Но я любил эту сухую жару, пронизанную запахами пыли, черепицы, балок, дымоходов и зерна; стоило сквознячку хоть слегка всколыхнуть прогретый воздух, и тотчас можно было различить застоялый запах кожи, старой одежды, корзин, посуды, инструментов и бумаг, запах, хранящий в себе память о таинственных, отдаленных событиях прошлого.

Чердак надвое рассекала опорная балка, с неслыханной силой — хотя и с кажущейся легкостью — удерживающая на себе всю конструкцию крыши. Слева и справа от нее был оставлен широкий проход для обитателей дома, ежели нужда приведет их на чердак, а по обе стороны этого прохода размещались все те вещи, которые удалились сюда на покой: ими уже давно никто не пользовался, однако отправить их в мусорную кучу было невозможно. Да и как отправишь, если мусорной кучи как таковой у нас не существовало, да и счесть мусором, к примеру, дорожную корзину моей прабабушки было бы величайшим кощунством.
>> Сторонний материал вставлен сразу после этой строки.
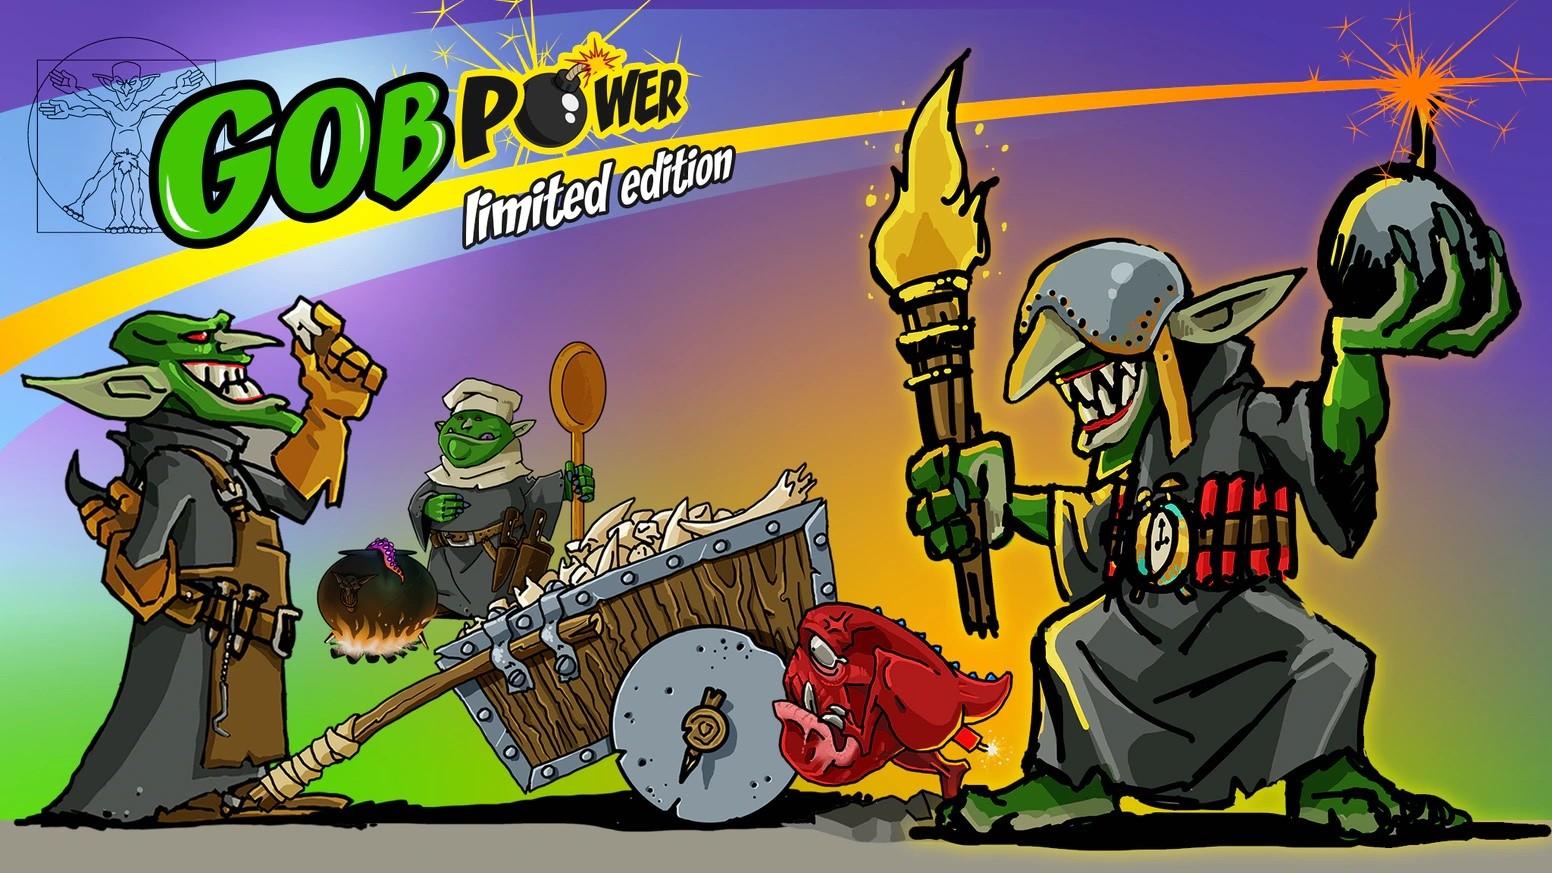 Gobs Power

Учинить подобное, разумеется, никому не пришло бы в голову… Но — повторяю — на нашем дворе была лишь навозная, а не мусорная куча, и если бы мой отец углядел там какую-нибудь ненужную шляпу или сломанную трость, он в своем праведном гневе взвился бы до небес, не говоря уж о прочих конкретных последствиях.

Но такое никому и не приходило в голову, поскольку каждый знал, что потускневшему зеркалу, допотопной лампе, корзинам и подсвечникам, топорам и вертелам, саблям и капустной сечке, котелкам и тыкве-цедилке, седлу и шпорам, картинам и книгам, деревянной лошадке и сломанным зонтикам, аптечным пузырькам и шкатулкам для писем, ночным столикам и шляпным коробкам, поношенной одежде и старым календарям и еще сотням предметов порой неизвестного назначения, завернутых в бумагу или без всякой упаковки, пересыпанных нафталином, лавандой или предоставленных естественному тлену, — всем этим вещам место на чердаке.

Когда зерно кончалось, на чердаке производили основательную уборку, после чего в чердачном полумраке воцарялся покой еще на год, хотя со старых вещей при этом лишь смахивали пыль, не трогая их с места.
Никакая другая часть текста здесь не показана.